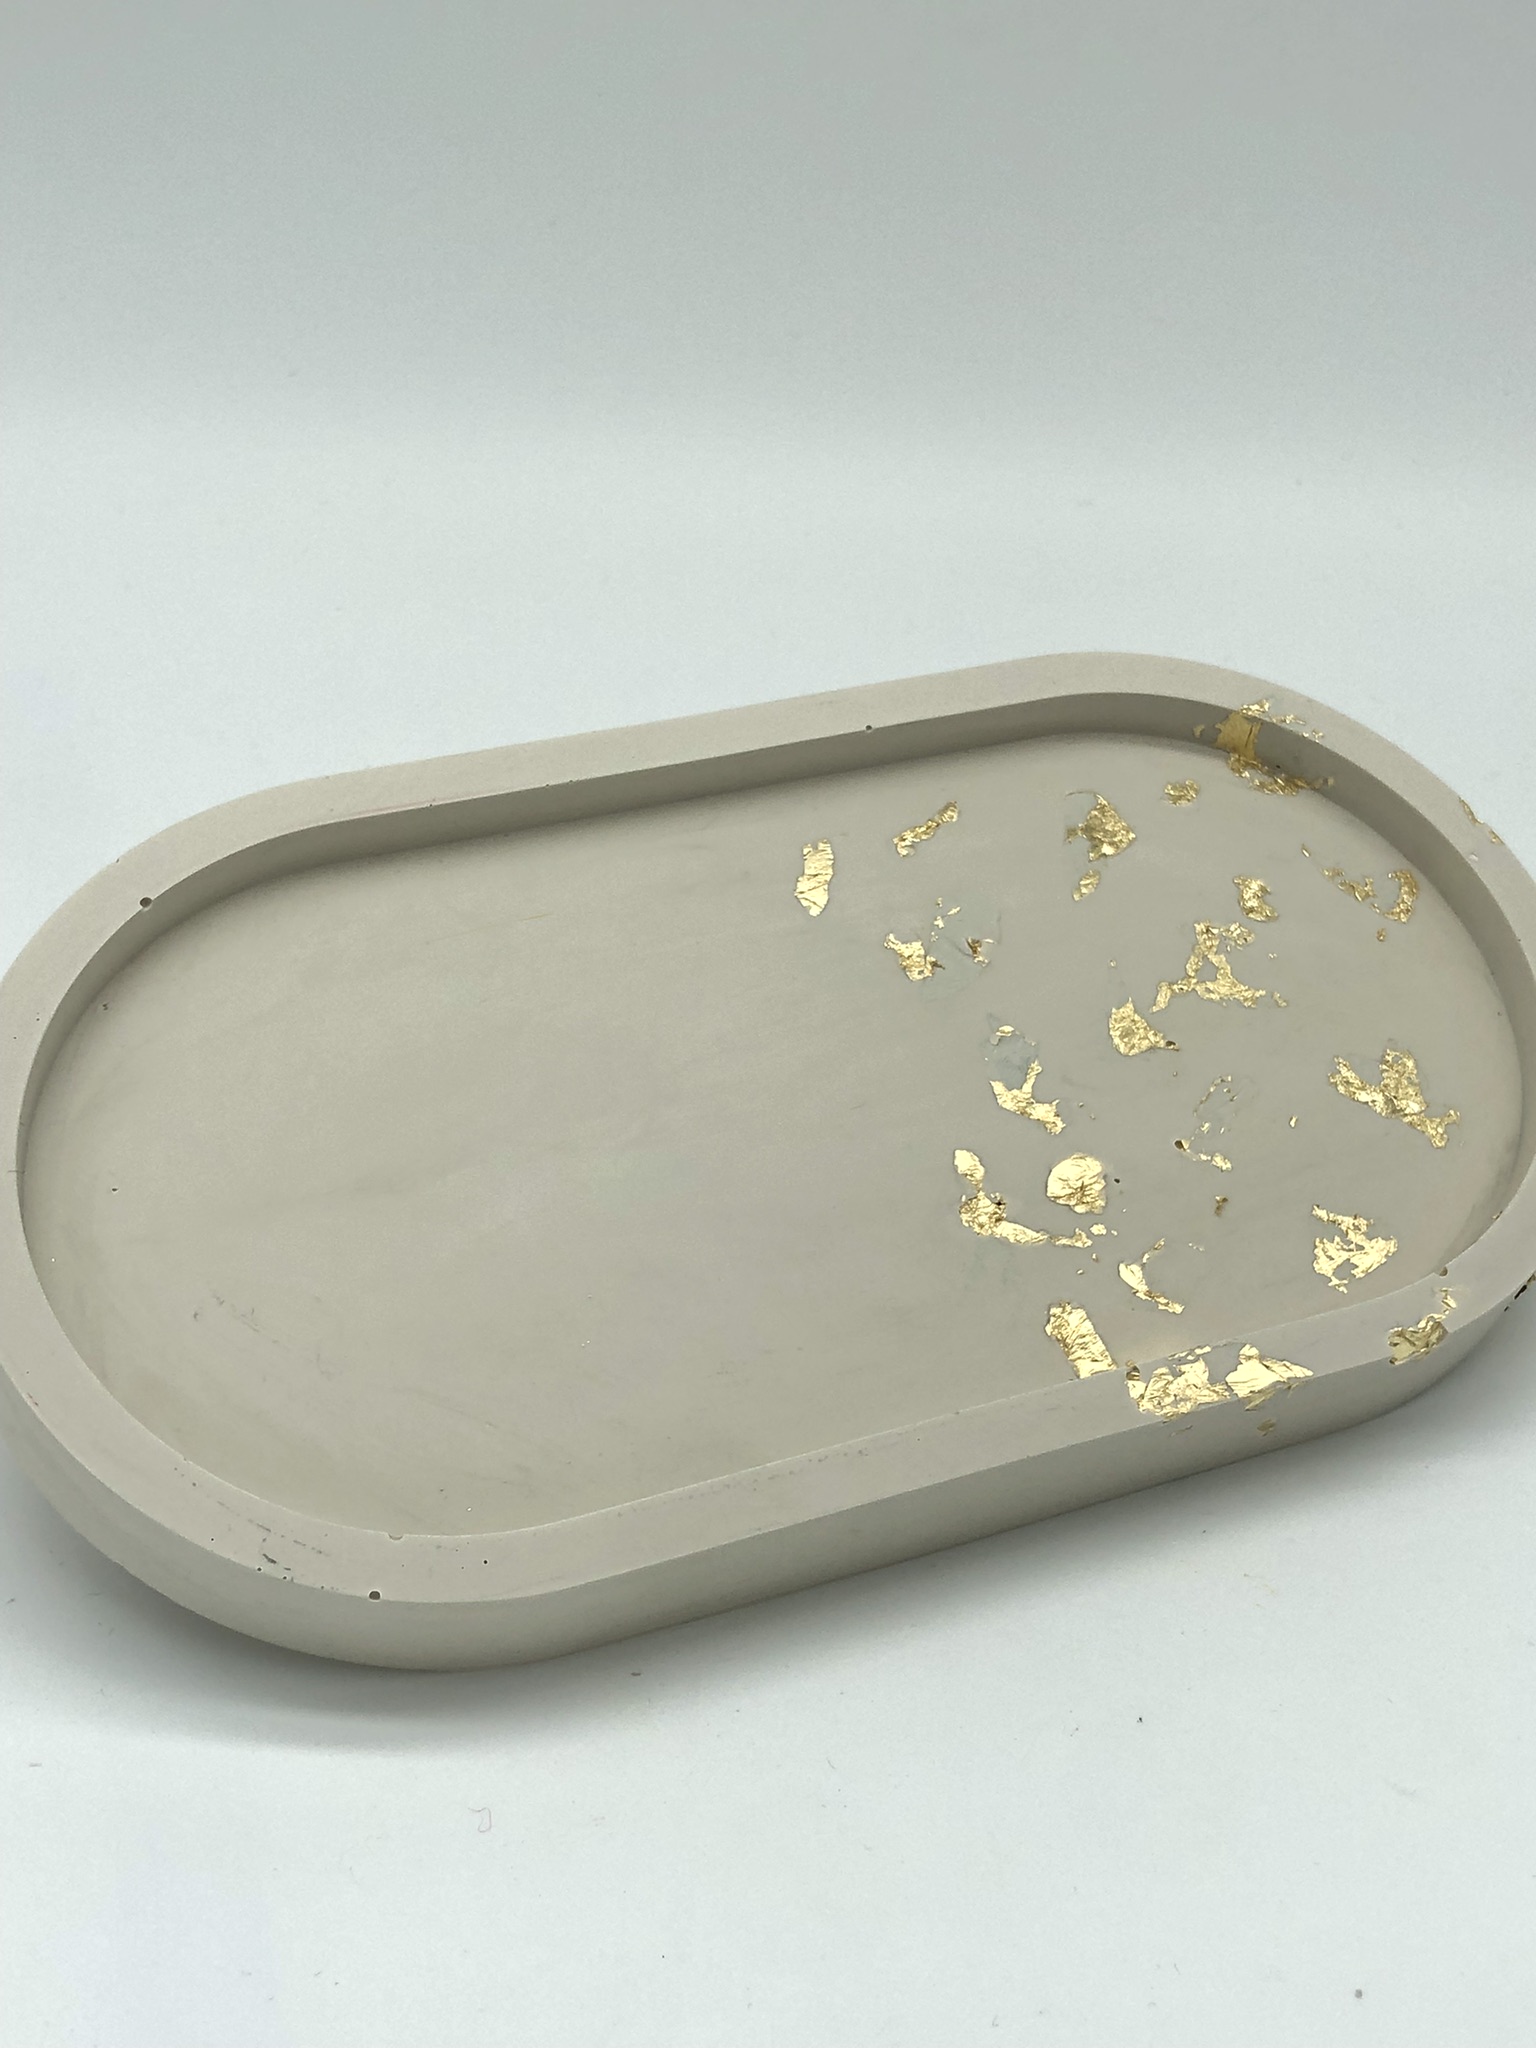 Billede af 'Sandstone' - Oval Trinket Tray skål
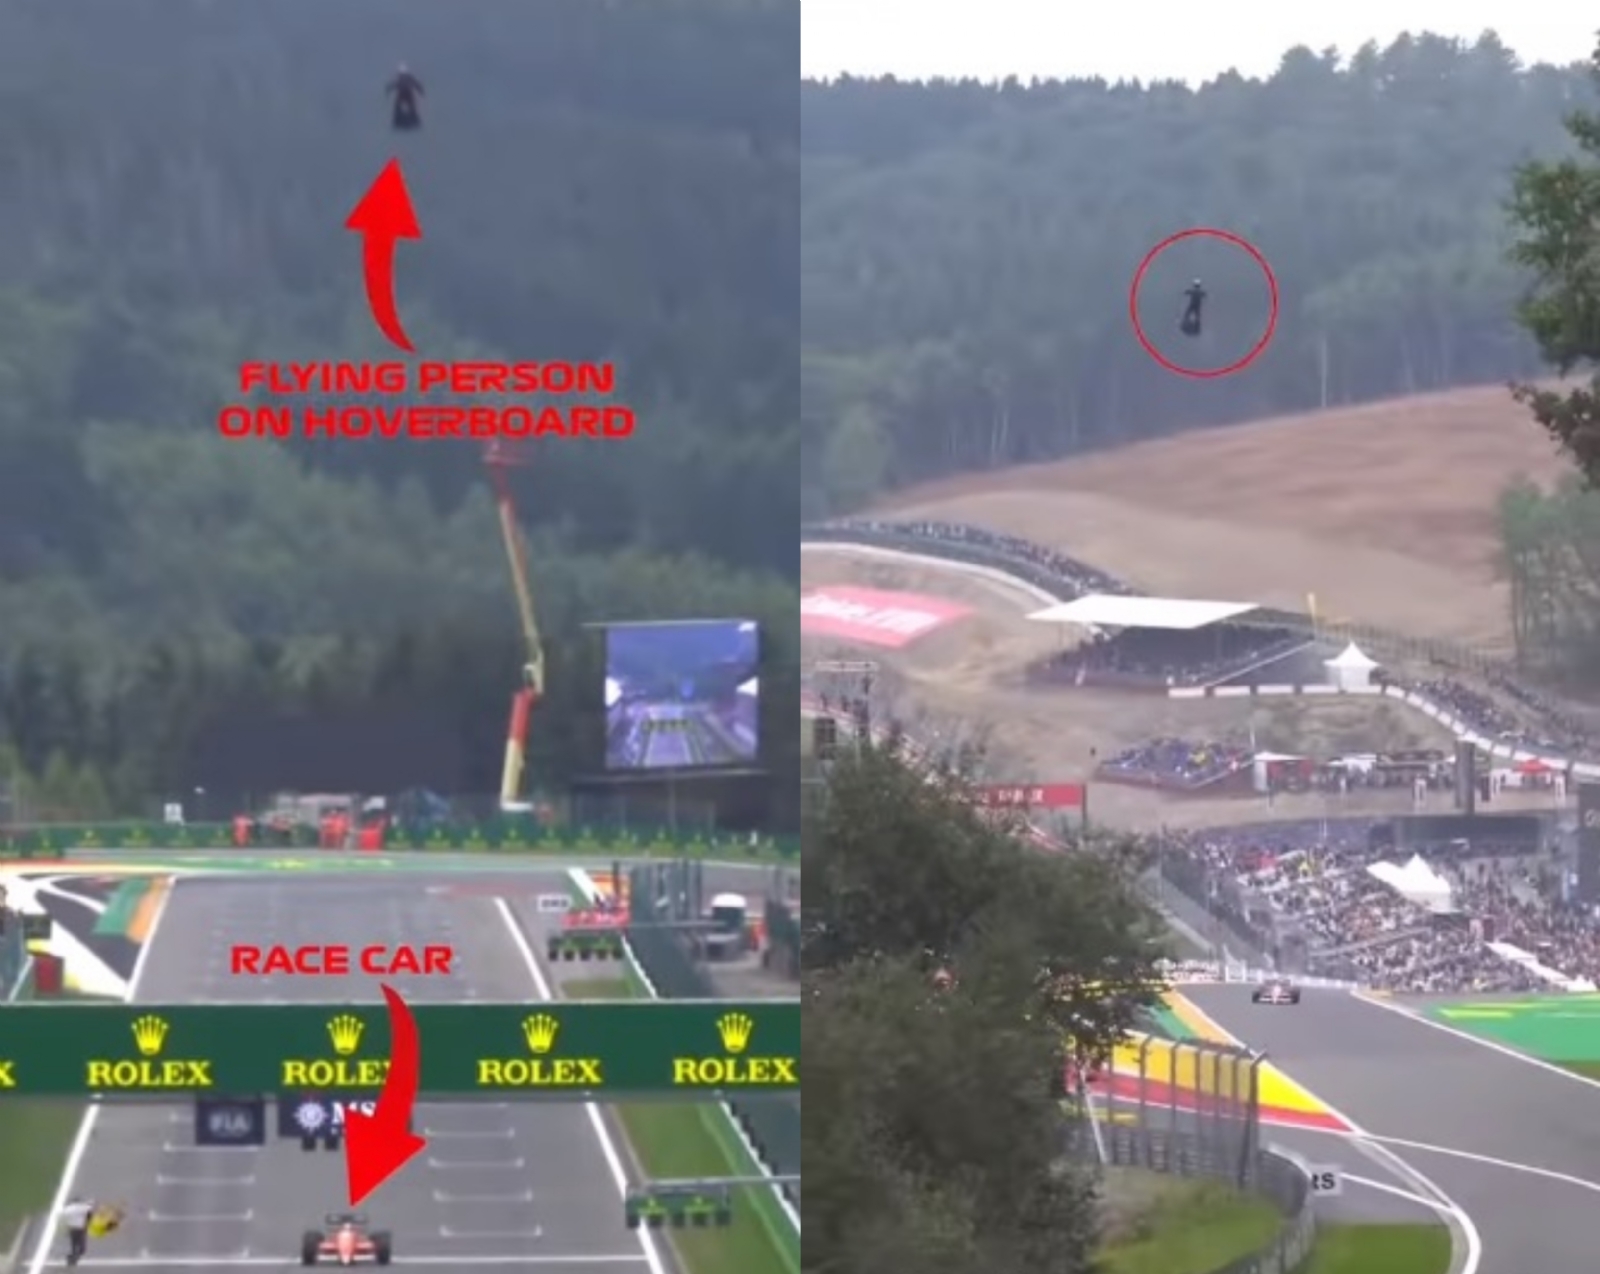 ¡Hoverboard vs coches de carreras! Hombre 'vuela' sobre los monoplaza durante el GP de Bélgica: VIDEO
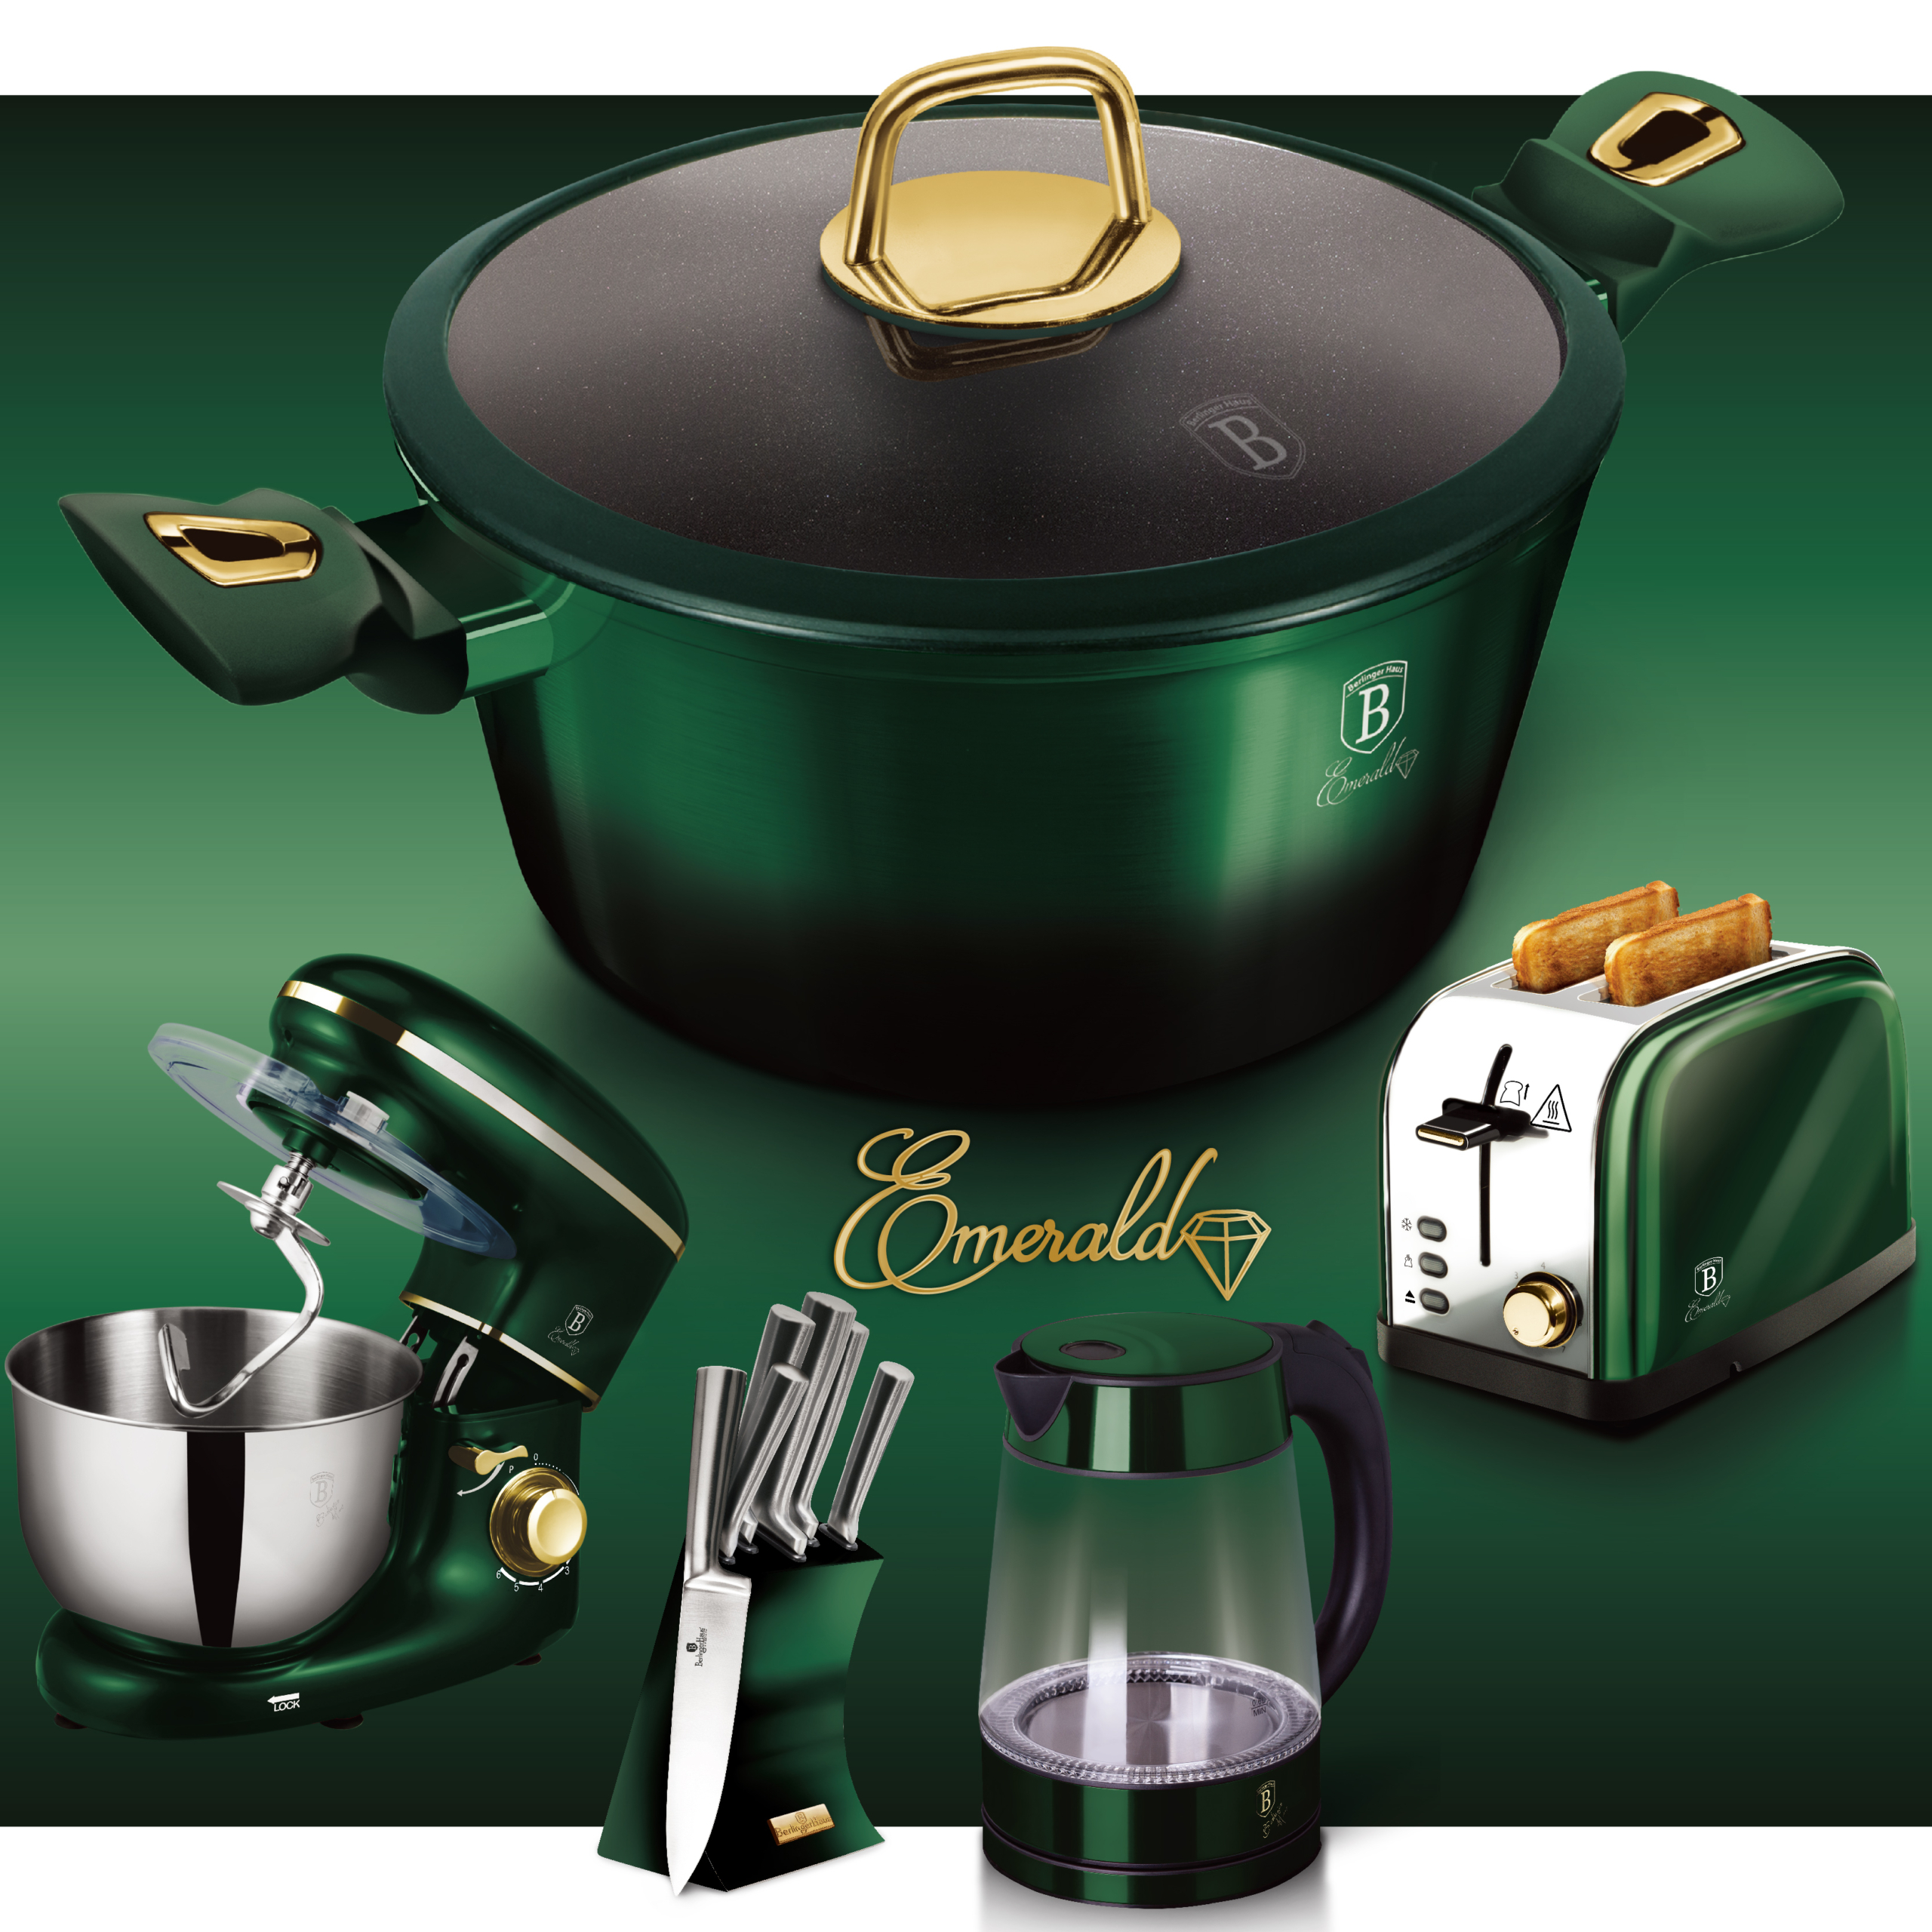 BerlingerHaus Emerald Collection termék család oldal a főbb konyhai termékekkel

::::::::

Reproduce the full listing above verbatim, with no pictures included.

 Billede af 'Sandstone' - Oval Trinket Tray skål
 ¡Hoverboard vs coches de carreras! Hombre 'vuela' sobre los monoplaza durante el GP de Bélgica: VIDEO
 BerlingerHaus Emerald Collection termék család oldal a főbb konyhai termékekkel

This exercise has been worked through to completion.